Kinase-mediated phosphorylation is the predominant mechanism for regulation of protein function. Disruption or dysregulation of kinase activity is associated with a number of pathophysiological states, including cancer, inflammation, neurological disorders and diabetes [8]. Thus, there is considerable interest in defining kinase activities, as well as in manipulating them for therapeutic purposes—an objective facilitated by the fact that kinases are highly “druggable” [8]. As a result, kinases represent a top priority of the pharmaceutical industry [9] and are currently the most frequently targeted gene class for cancer therapies, second only to G protein-coupled receptors across all therapeutic areas [10]. Increased appreciation for the intimate link between kinases and health has prompted the development of technologies to characterize the phosphoproteome or kinome [11], including efforts by our group to utilize peptide arrays for low-cost, high-throughput kinomic characterizations [12-16].

With respect to protein phosphorylation, the simplest evidence for the conservation (or lack thereof) of molecular responses among species lies in the content of the kinome.
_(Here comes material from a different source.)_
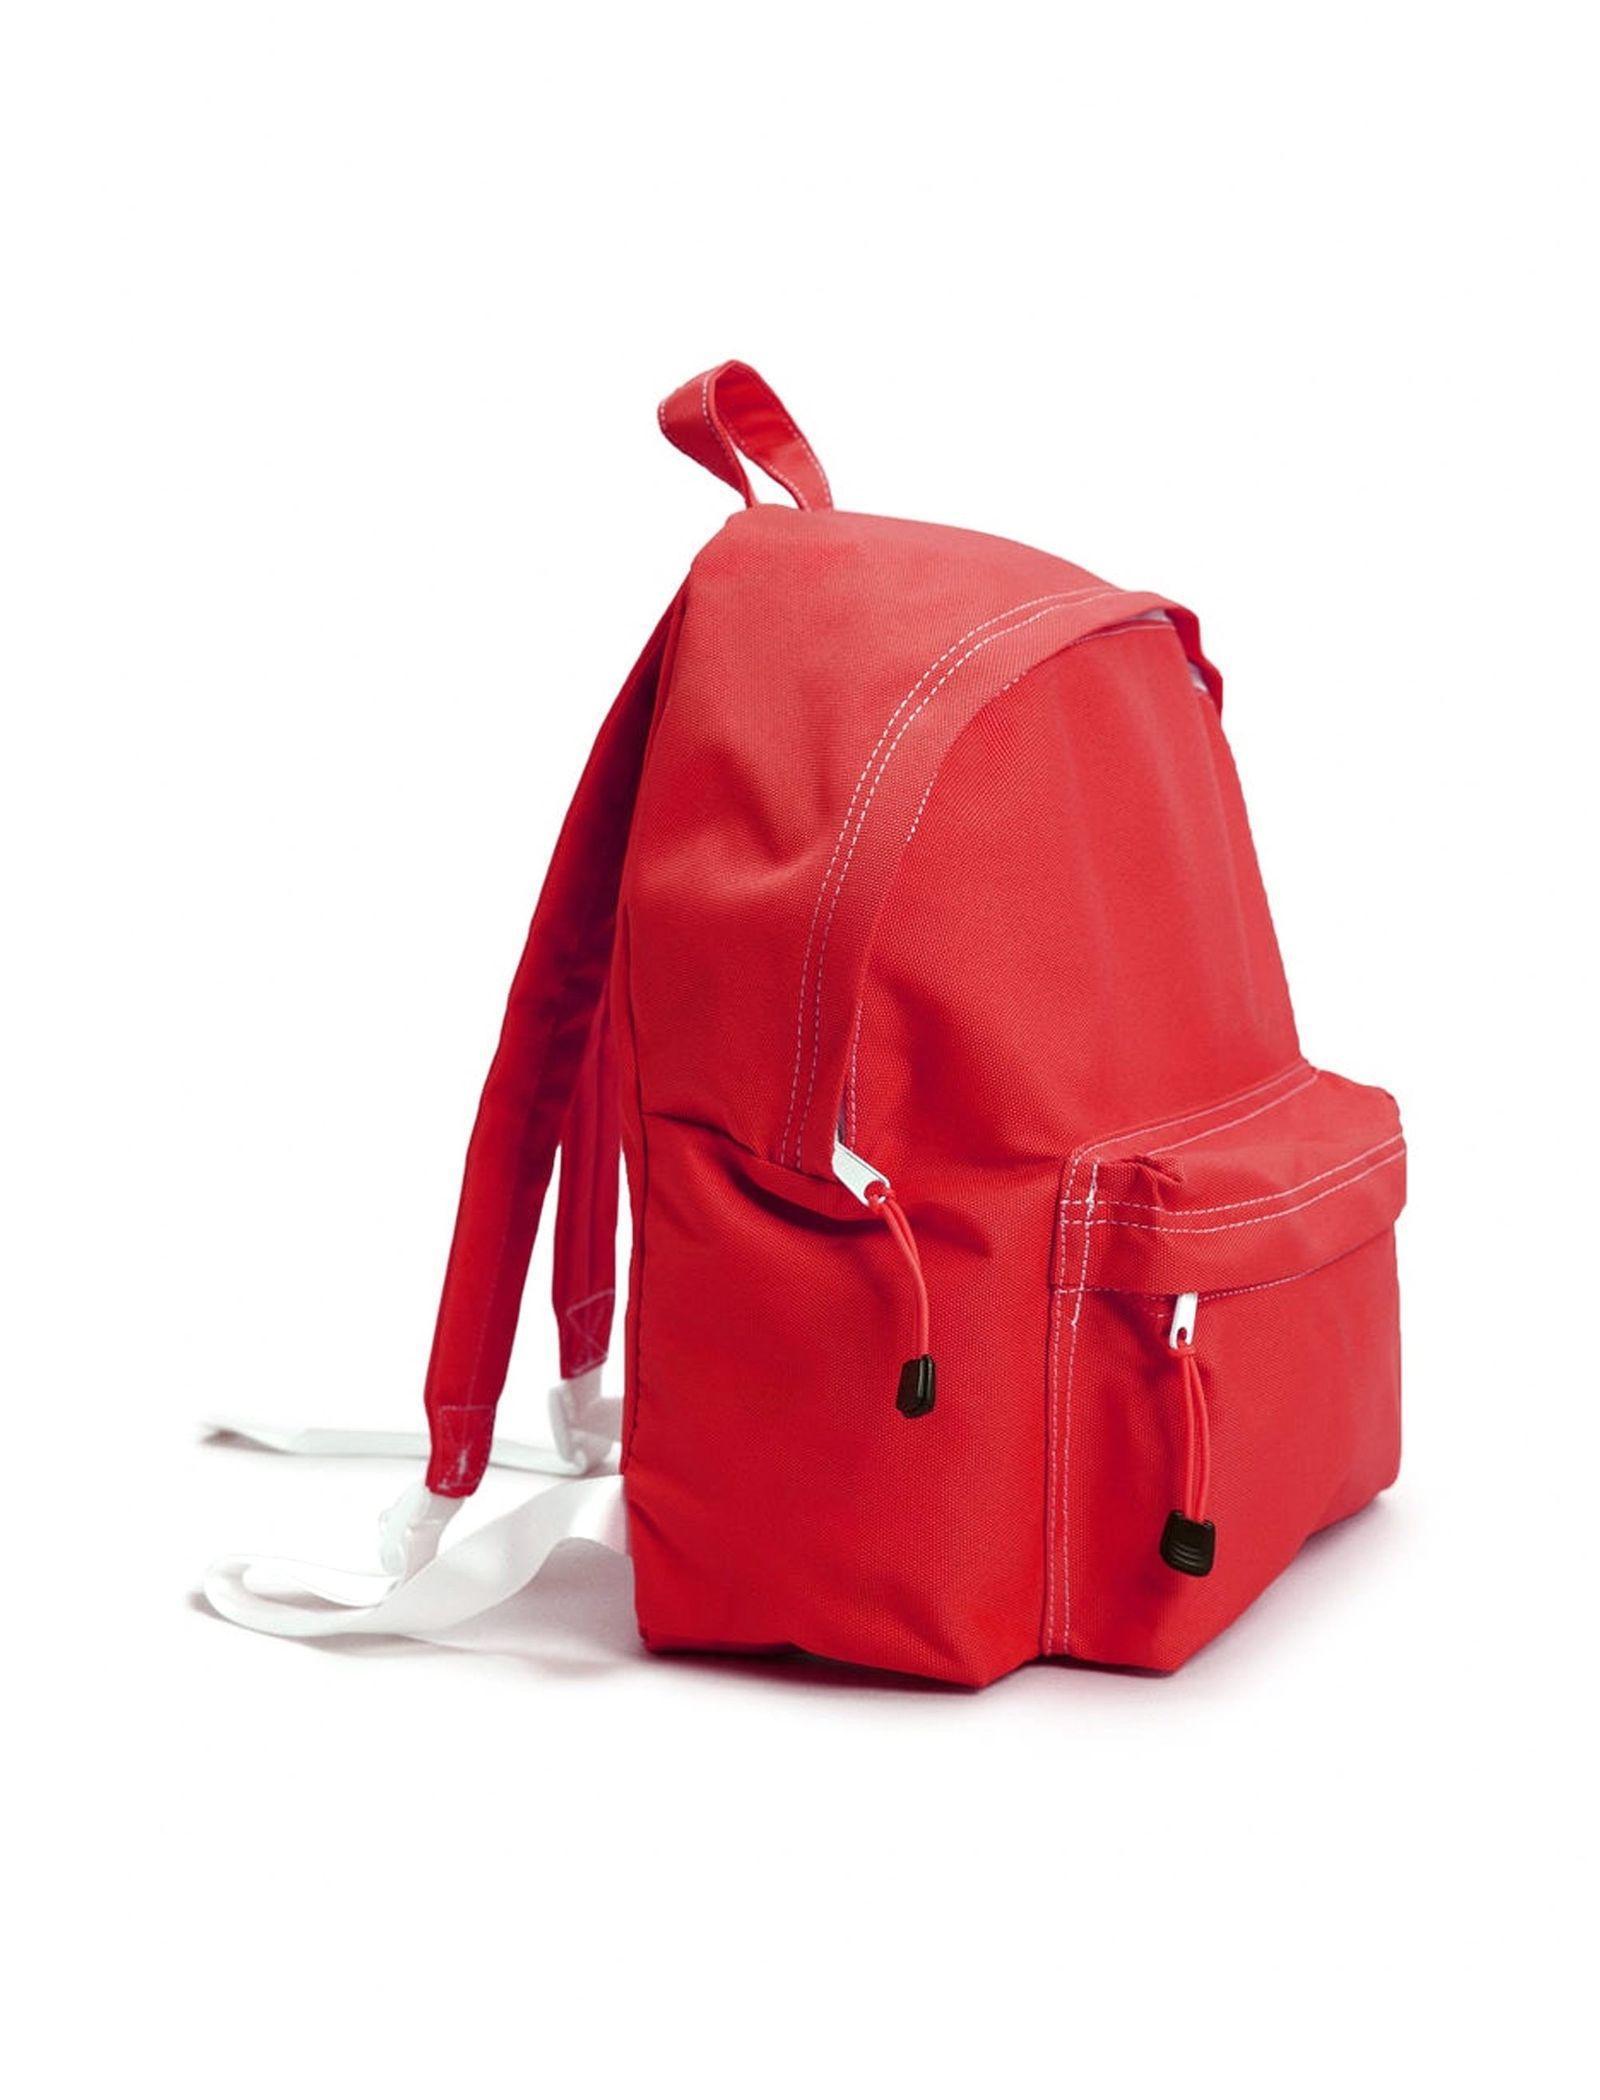 کوله پشتی روزمره مردانه - مانگو تک سایز - قرمز - 2

Genome sequencing has revealed that eukaryotes differ greatly in the number of protein kinases encoded by their genomes. For instance, the human genome encodes approximately 518 protein kinases [17]; in contrast, the proteome of Arabidopsis thaliana encodes around 1000 protein kinases [18], while Saccharomyces cerevisiae encodes fewer than 120 [19]. This suggests that kinase-mediated molecular responses may not be well-conserved among species, and that conclusions drawn from the investigation of protein phosphorylation in one species may not be applicable to another species. On the other hand, a previous study using peptide arrays suggested that despite the very different protein kinase complements in various eukaryotes, the substrates phosphorylated by these organisms exhibit substantial similarities [20]. As such, the level of conservation of kinase-mediated host responses in different species has yet to be fully delineated.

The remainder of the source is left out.